On the Sensitivity of R&D to Delicate Tax Changes: The Behavior of U.S. Multinationals in the 1980s

James R. Hines Jr., University of Michigan Law School

Abstract

The U.S. government has a long-standing interest in encouraging research and development (R&D) by American companies. Congress feels that the common-property nature of the know-how produced by R&D, and the competitive advantage that greater R&D affords U.S. firms in global markets, means that too little R&D is likely to be undertaken by private firms in the absence of strong government support. Concern over the sluggish rate of U.S. productivity growth in the 1970s, combined with alarm over rising foreign competition, led Congress to enact two tax changes in 1981 designed to stimulate R&D. The first, the research and experimentation tax credit, established a 25 percent credit for new research expenditures by U.S. firms.
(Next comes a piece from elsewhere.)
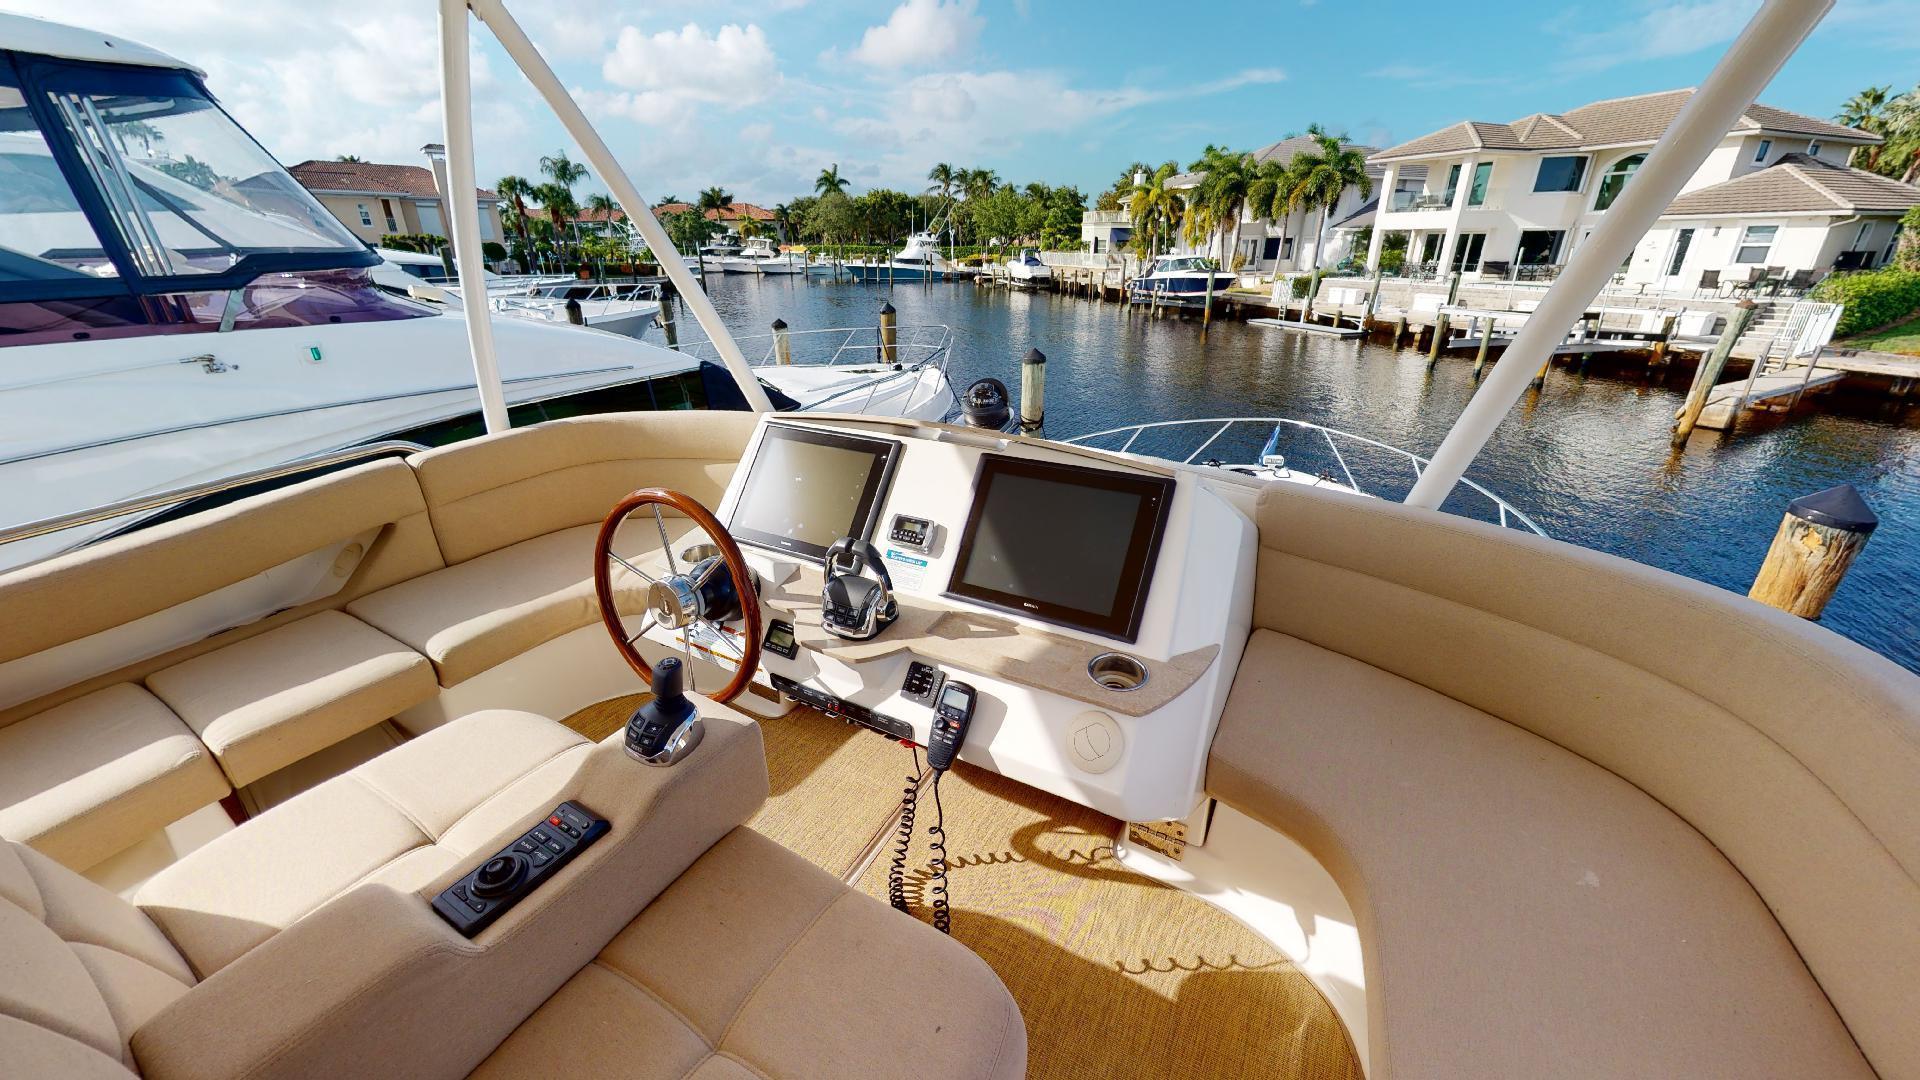 Tiara Yachts-50 Flybridge 2015-Khatch You Later North Palm Beach-Florida-United States-Flybridge-1509437 | Thumbnail
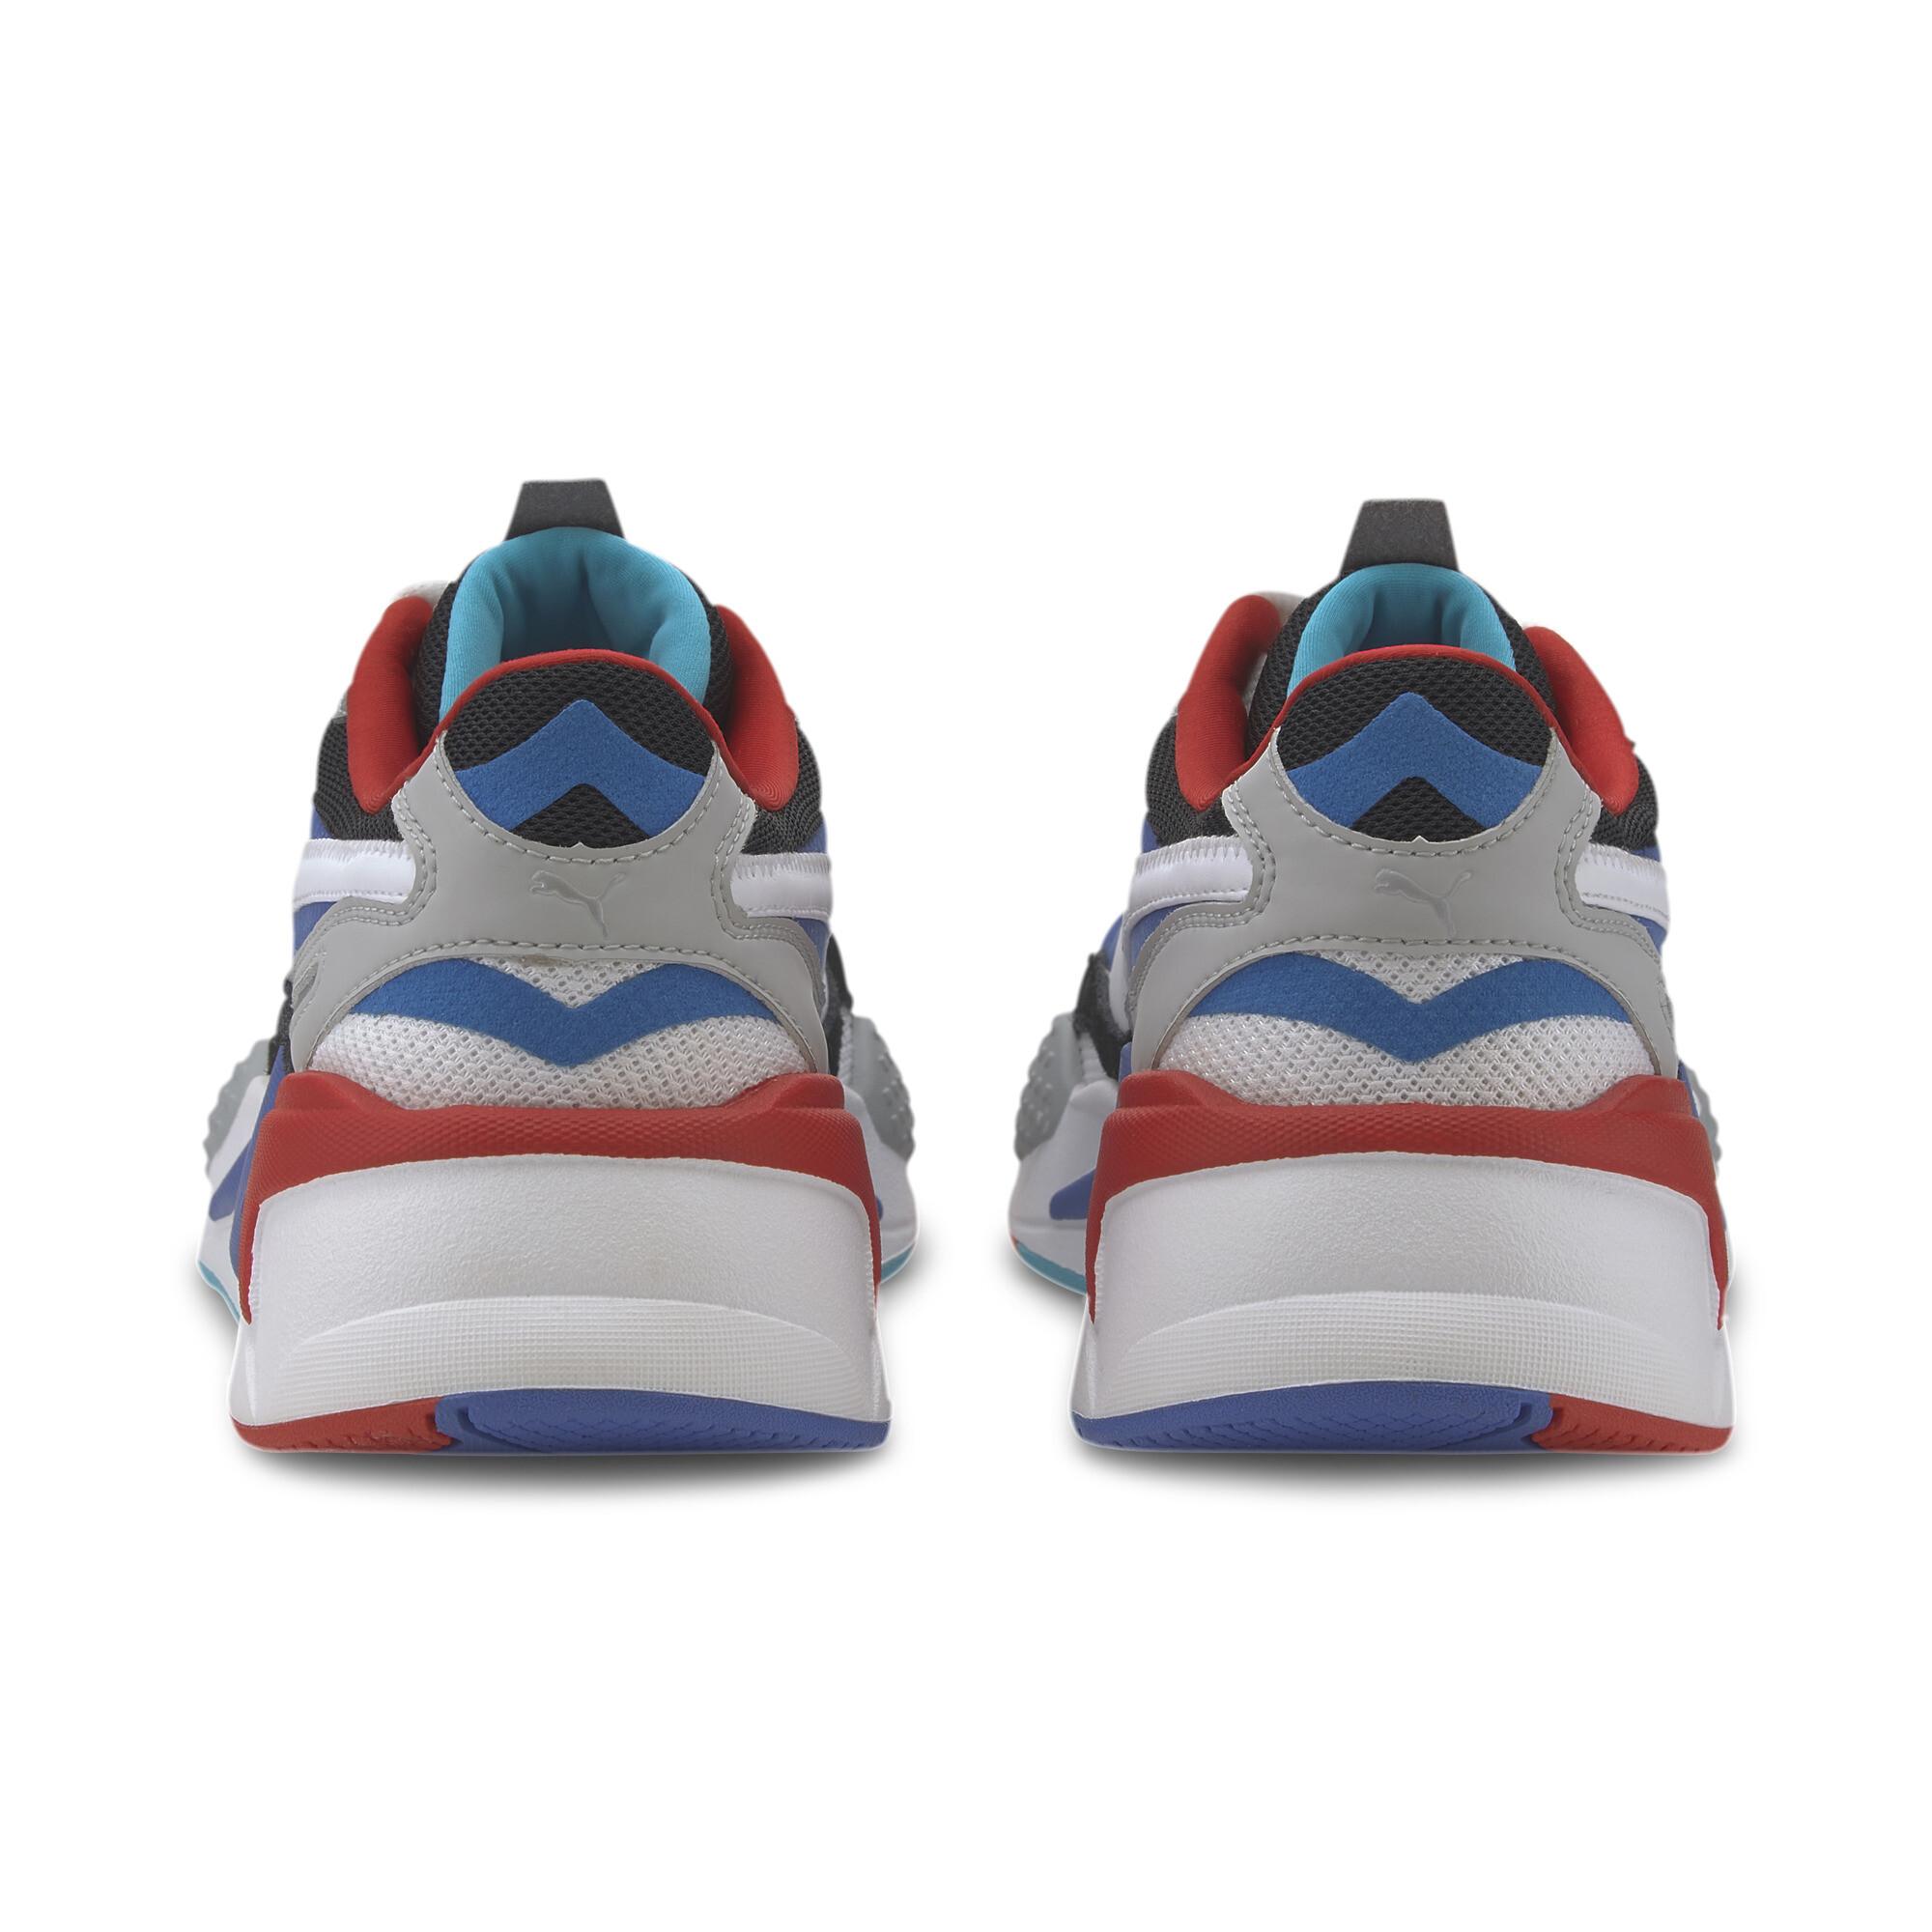 PUMA-Men-039-s-RS-X-Puzzle-Sneakers thumbnail 3

The second change, a suspension of Treasury regulation §1.861-8, offered very generous tax treatment of R&D performed in the United States by certain multinational corporations. In this paper, I examine the incentives introduced by this second change the suspension of §1.861-8—and the way that American multinationals responded to those incentives. The §1.861-8 rules were modified several times between 1986 and 1990 in a manner that affected only certain firms, so it is possible to infer the effect of the law by observing the responses of different companies to the changes. Based on these results, it appears that American multinationals significantly changed their R&D expenditures in response to tax policy in the 1980s. Nevertheless, the 1981 change may not have had the intended effect of greatly increasing R&D activity in the United States. In part, this may be due to some misunderstandings about the incentives that were embodied in the law prior to 1981 (and in its modifications after 1986).